Lianne pulsó un botón, y un mensaje de vídeo apareció en una sección enmarcada de la burbuja holográfica. La imagen era la de un macho waldahud con pelaje plateado. PHANTOM tradujo el sonido de los ladridos de la criatura en el implante auditivo de Keith, aunque, por supuesto, no se ajustaban a los movimientos de la boca del waldahud.
—Saludos, Starplex. —La línea de situación bajo la pantalla identificaba al hablante como Kayd Pelendo em-Hooth del Centro Rehbollo de Astrofísica—. El bumerang enviado al atajo designado Rehbollo 376A ha vuelto. Sospecho que querrán quedarse ahí, investigando el atajo en el que están ahora, puesto que su aparición en la red está inexplicada. Sin embargo pensamos que Jag y los otros estarían interesados en ver las grabaciones hechas por el bumerang antes de que volviera a casa. Vienen adjuntas con este mensaje. Creo que las encontrarán… interesantes.
—Vale, Rombo —dijo Keith—, use los datos del bumerang para crear una imagen holoesférica a nuestro alrededor. Muéstrenos lo que vio.
—Es un placer servir —dijo Rombo—. Bajando datos; la imagen estará lista en dos minutos, cuarenta segundos.
Lianne se frotó las manos.
—Cuando llueve, diluvia —dijo, volviéndose y sonriendo a Keith—. ¡Otro nuevo sector del espacio abierto a la exploración!
Keith asintió.
—Nunca deja de sorprenderme. —Se levantó de su silla y dio algunos pasos, esperando a que estuviera listo el holograma—. Sabéis —dijo con tono ausente—, mi tatarabuelo llevaba un diario. Justo antes de morir, escribió acerca de todos los grandes avances que había visto durante su vida: la radio, el automóvil, los aviones, los cohetes espaciales, los láseres, los ordenadores, el descubrimiento del ADN, y más y más. —Lianne parecía absorta, aunque Keith era consciente de que podría estar aburriendo a todos los demás. Al infierno con ellos; el rango tenía sus privilegios, entre ellos el derecho a divagar—. Cuando lo leí, siendo un adolescente, me imaginé que yo no tendría nada sobre lo que escribir para mi propio descendiente cuando mi vida llegara a su fin. Pero entonces inventamos la hiperpropulsión y la IA, y descubrimos la red de atajos, y la vida extraterrestre, y aprendimos a hablar con los delfines, y me di cuenta de que…

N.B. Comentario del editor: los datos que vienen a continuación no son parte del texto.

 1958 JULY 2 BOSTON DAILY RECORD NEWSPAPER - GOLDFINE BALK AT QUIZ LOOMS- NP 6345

—Discúlpeme —dijo Rombo, con las luces destellando en el esquema estroboscópico que su especie usaba para indicar una interrupción—. El holograma está listo.
—Proceda —dijo Keith.
El puente se oscureció cuando cortaron la imagen del entorno presente de Starplex, cubriendo la sala en una densa oscuridad. Entonces empezó a aparecer una nueva imagen de izquierda a derecha, línea a línea del escáner, cubriendo el puente, hasta que parecieron estar de nuevo flotando en el espacio; el espacio del sector accesible más reciente para las especies de la Commonwealth.
Thor dejó escapar un largo y grave silbido.

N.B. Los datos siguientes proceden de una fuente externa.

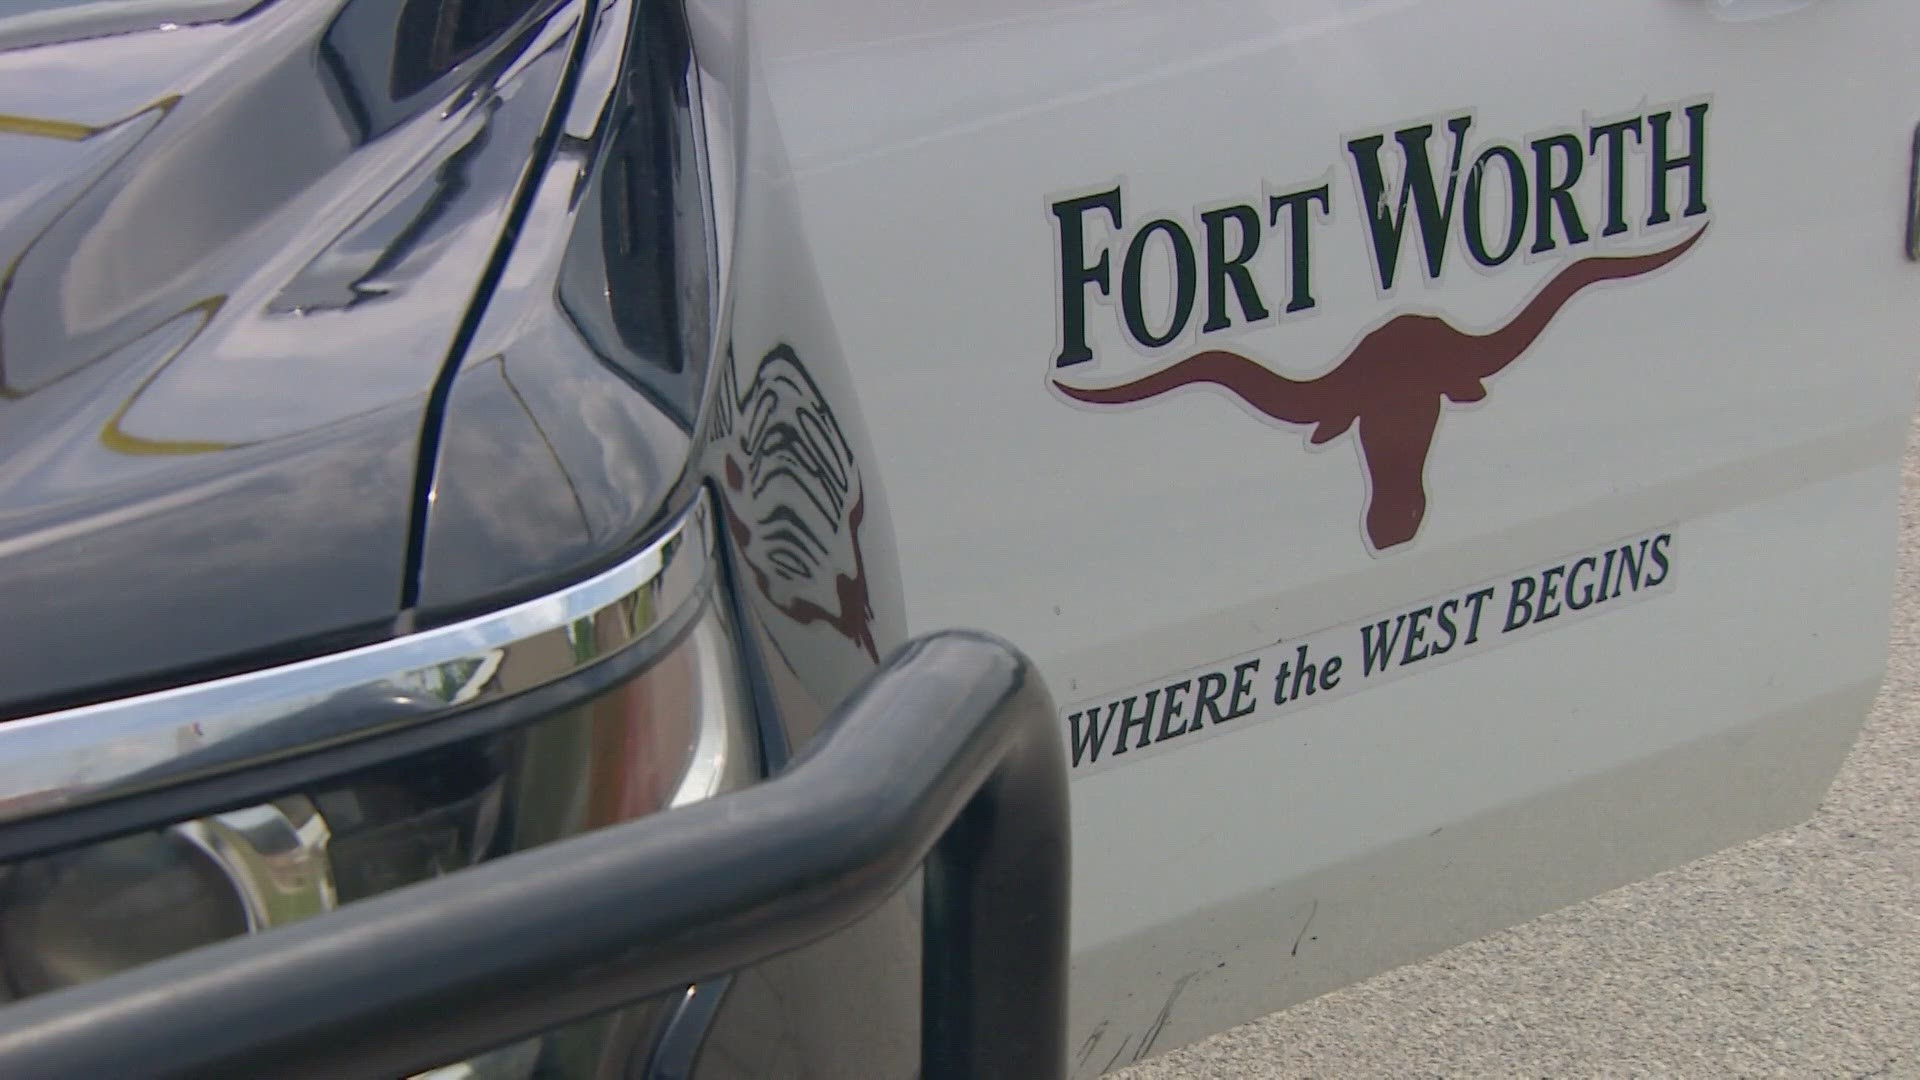 Police Chief Neil Noakes told Fort Worth council members that the community advisory board has already met three times.

Jag entrechocó sus placas dentales con incredulidad.
Dominando la imagen, y retrocediendo lentamente, había otra ígnea estrella verde, a quizá diez millones de kilómetros del punto del atajo.

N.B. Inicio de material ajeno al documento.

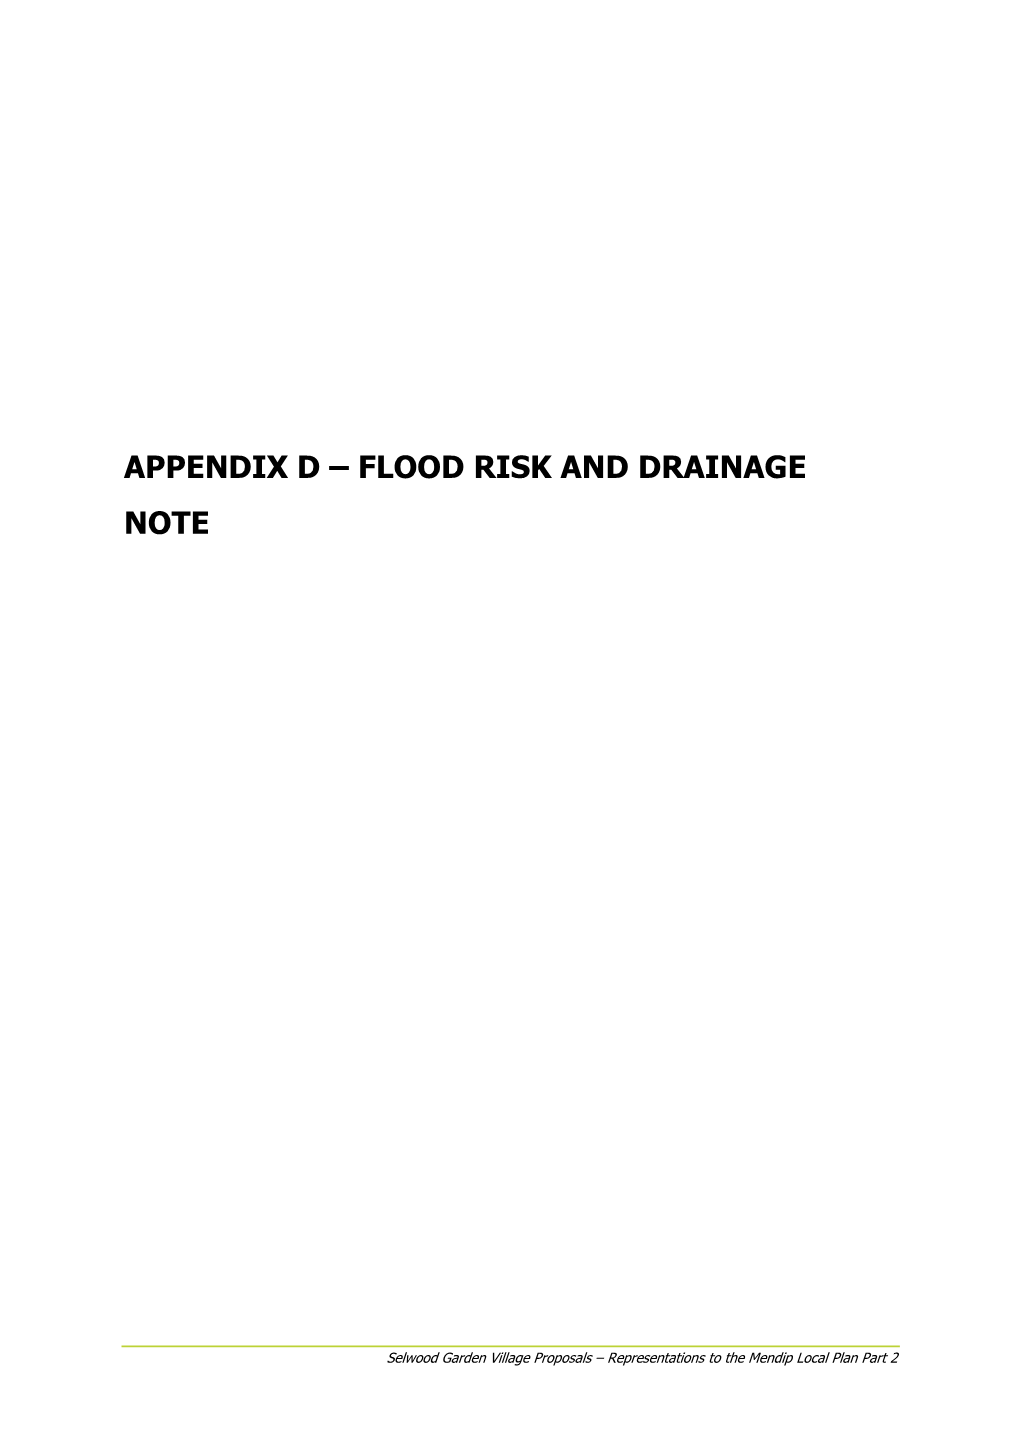 Flood Risk and Drainage Note

—Pensé que había dicho que nuestra estrella verde era rara —dijo Keith a Jag.
—Ésa es la menor de nuestras preocupaciones —dijo Thor. Bajó los pies de su consola y se volvió hacia Keith—. Nuestro bumerang no activó ese atajo hasta que lo atravesó al volver.
Keith le miró sin expresión.
—Y estas imágenes fueron tomadas antes de que lo hiciera.
Jag se puso en pie.
—Ka-darg! Eso significa…
—Significa —dijo Keith, dándose cuenta también súbitamente— que las estrellas pueden emerger de atajos inactivos. ¡Cristo, podrían estar asomando por los cuatro mil millones de portales que hay por toda la Vía Láctea!